Saturday, December 14, 2013

Oh, Good. No Reason For Me To Worry!

A federal bankruptcy judge in Michigan says Detroit's pension obligations aren't written in stone, despite what any local or state law says, but I'm told that our state laws here in California are such that I shouldn't worry about California becoming insolvent and taking away the retirement I've worked for:
But CalPERS officials, facing their own potential showdown in U.S. Bankruptcy Court, said Friday they doubt the Michigan ruling constitutes a threat to public employees and retirees in California.

In their first extensive comments on the landmark decision in Detroit, lawyers with CalPERS said California pensions carry major legal protections not found in Detroit.

“The differences between Detroit and the state of California and CalPERS are substantial,” said Gina Ratto, the pension fund’s interim general counsel, in a conference call with reporters.
I'm so comforted by this news.

(My retirement is in a system parallel system to CalPERS.)

Read more here: http://www.sacbee.com/2013/12/13/5998696/calpers-officials-detroit-pension.html#storylink=cpy

1 comment:

allen (in Michigan) said...

I did a little poking around and came across Steve Malanga's piece at City Journal - http://tinyurl.com/bggmmg4 - and reading that, the article you link is almost unreasonably optimistic if not deliberately misleading.

Malanga doesn't come right out and say it but it's not hard to imply from the figures involved, unfunded liability, demands on the municipalities to make up current shortfalls that have helped push cities to bankruptcy, unreasonable assumptions about rates of return, that the situation's already rather more dire then is generally understood and that CALPERS has been doing its best to paper over the more obvious evidence of the situation.

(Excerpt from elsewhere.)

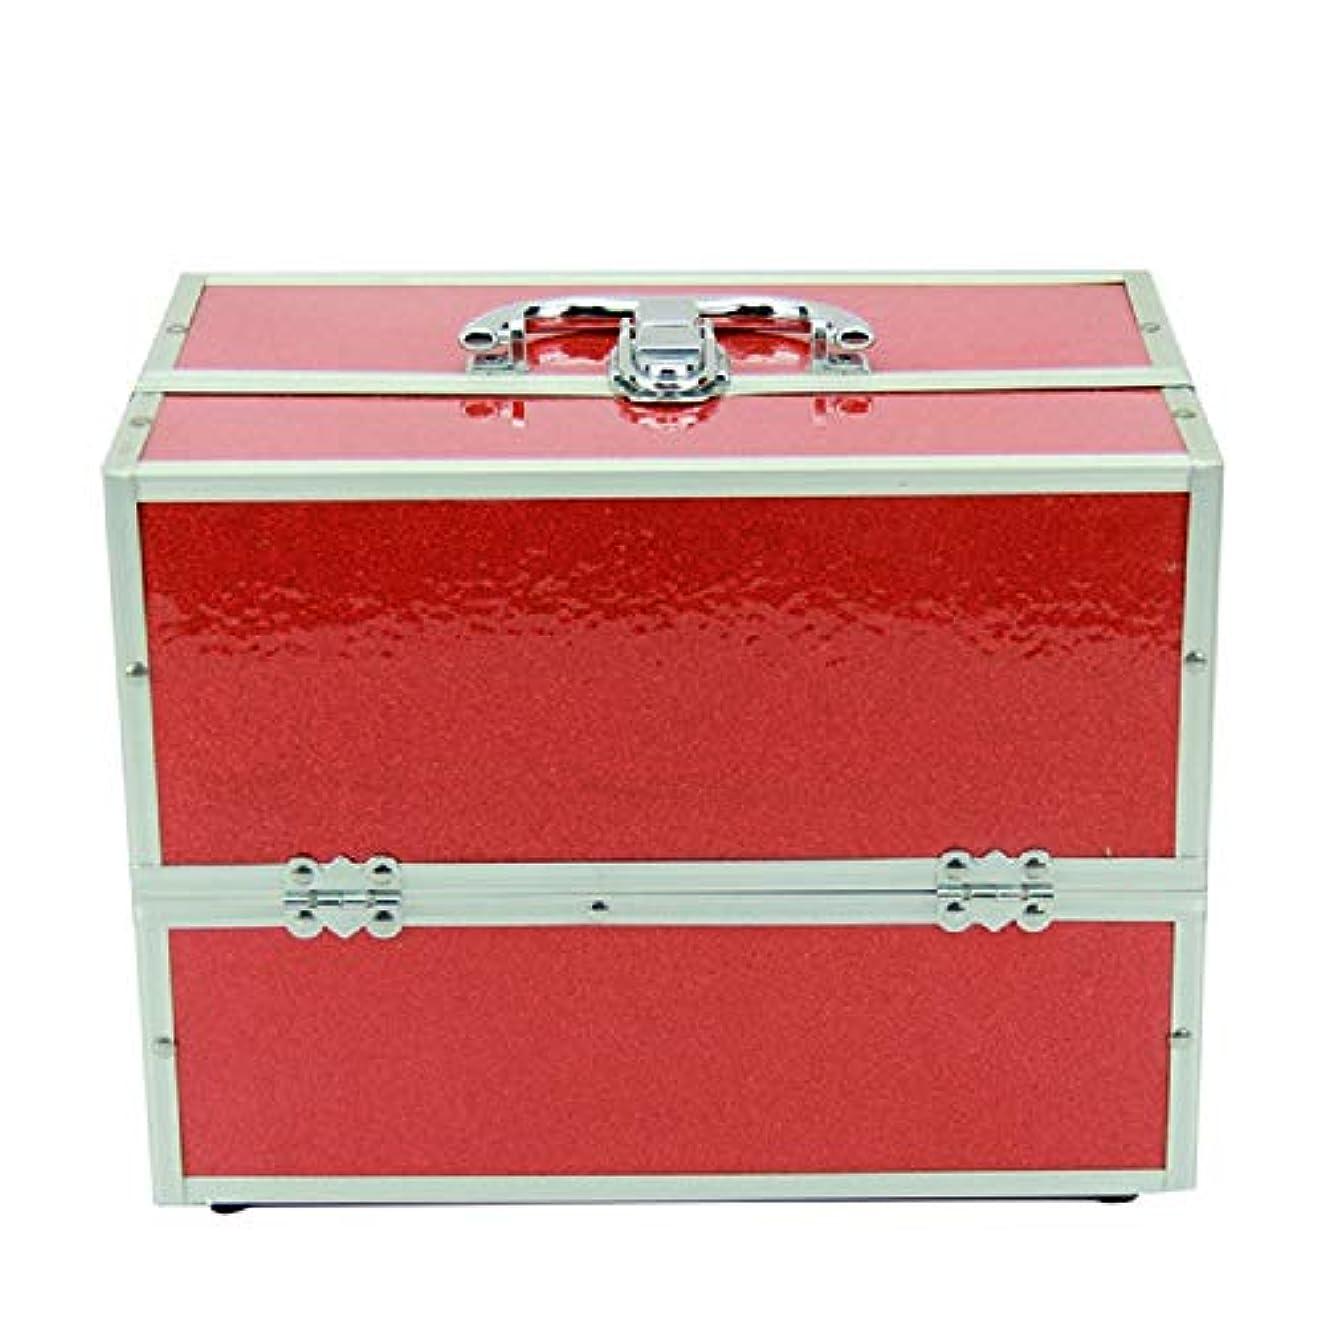 化粧オーガナイザーバッグ 純粋な色ポータブル化粧品ケーストラベルアクセサリーシャンプーボディウォッシュパーソナルアイテムストレージロックとスライディングトレイ 化粧品ケース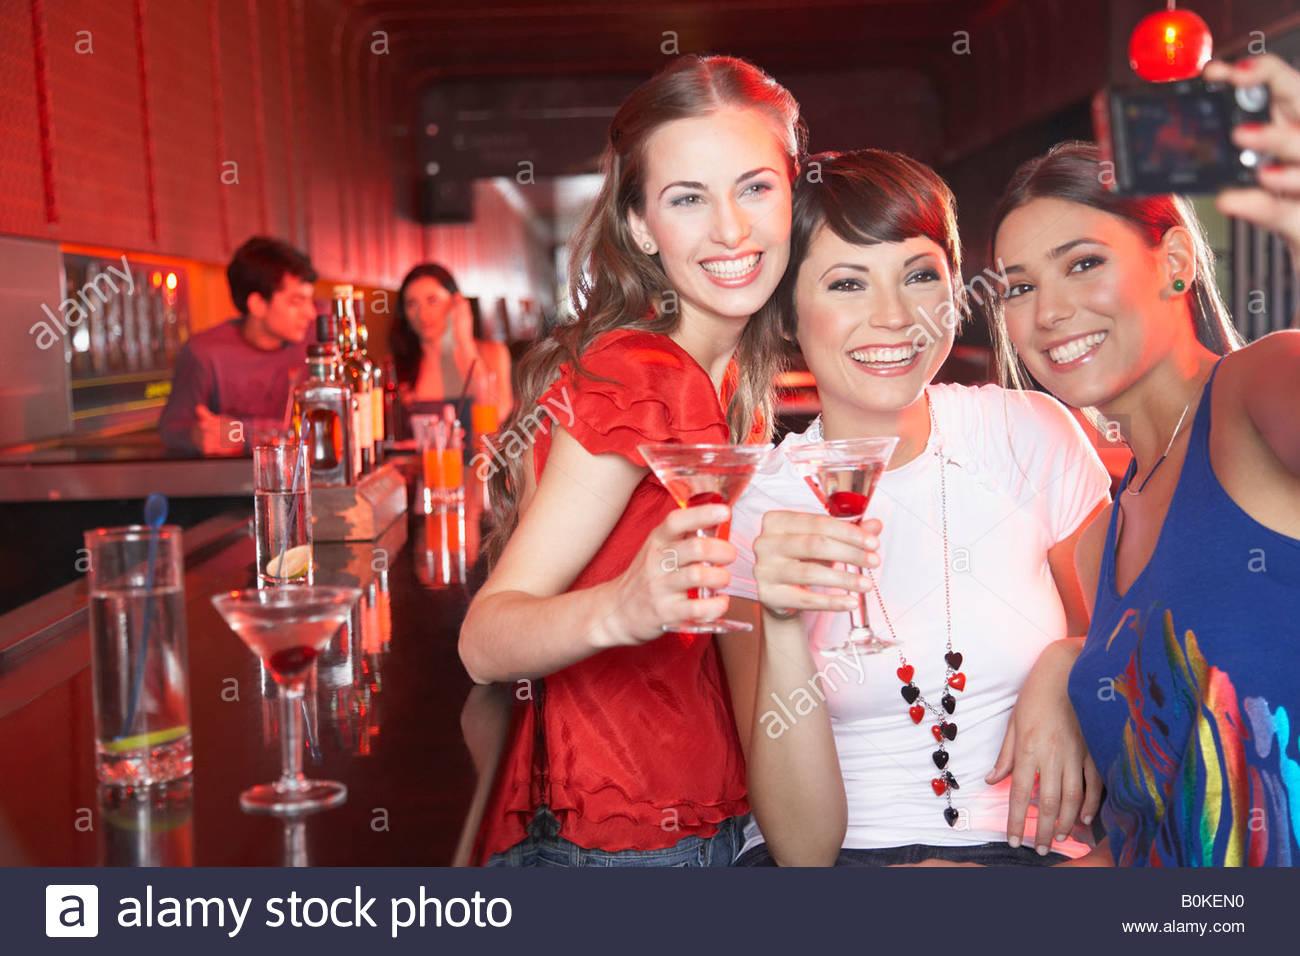 Tre donne in discoteca con bevande tenendo autoritratto con fotocamera digitale sorridente Immagini Stock

Malanga does throw in one paragraph as a ray of hope with the suggestion that a defined-contribution plan would help but I suspect the sums involved to match currently-projected benefit payouts would be just as untenable as under the current, defined-benefit plan. Maybe I'm wrong but the benefit Malanga points to is that the tax-payer's liability ends when the annual contribution's been made, not that pension payouts will remain where they are which suggests to me that he's not all that willing to get into the details.

What seems to be missing from all the discussions about government employee pensions is federalization of the obligation. I suspect that's a reflexive, if unconscious, admission that federalizing those pensions isn't remotely realistic and there's no point in opening the discussion while there are budget gimmicks yet to be used to put off the day of reckoning.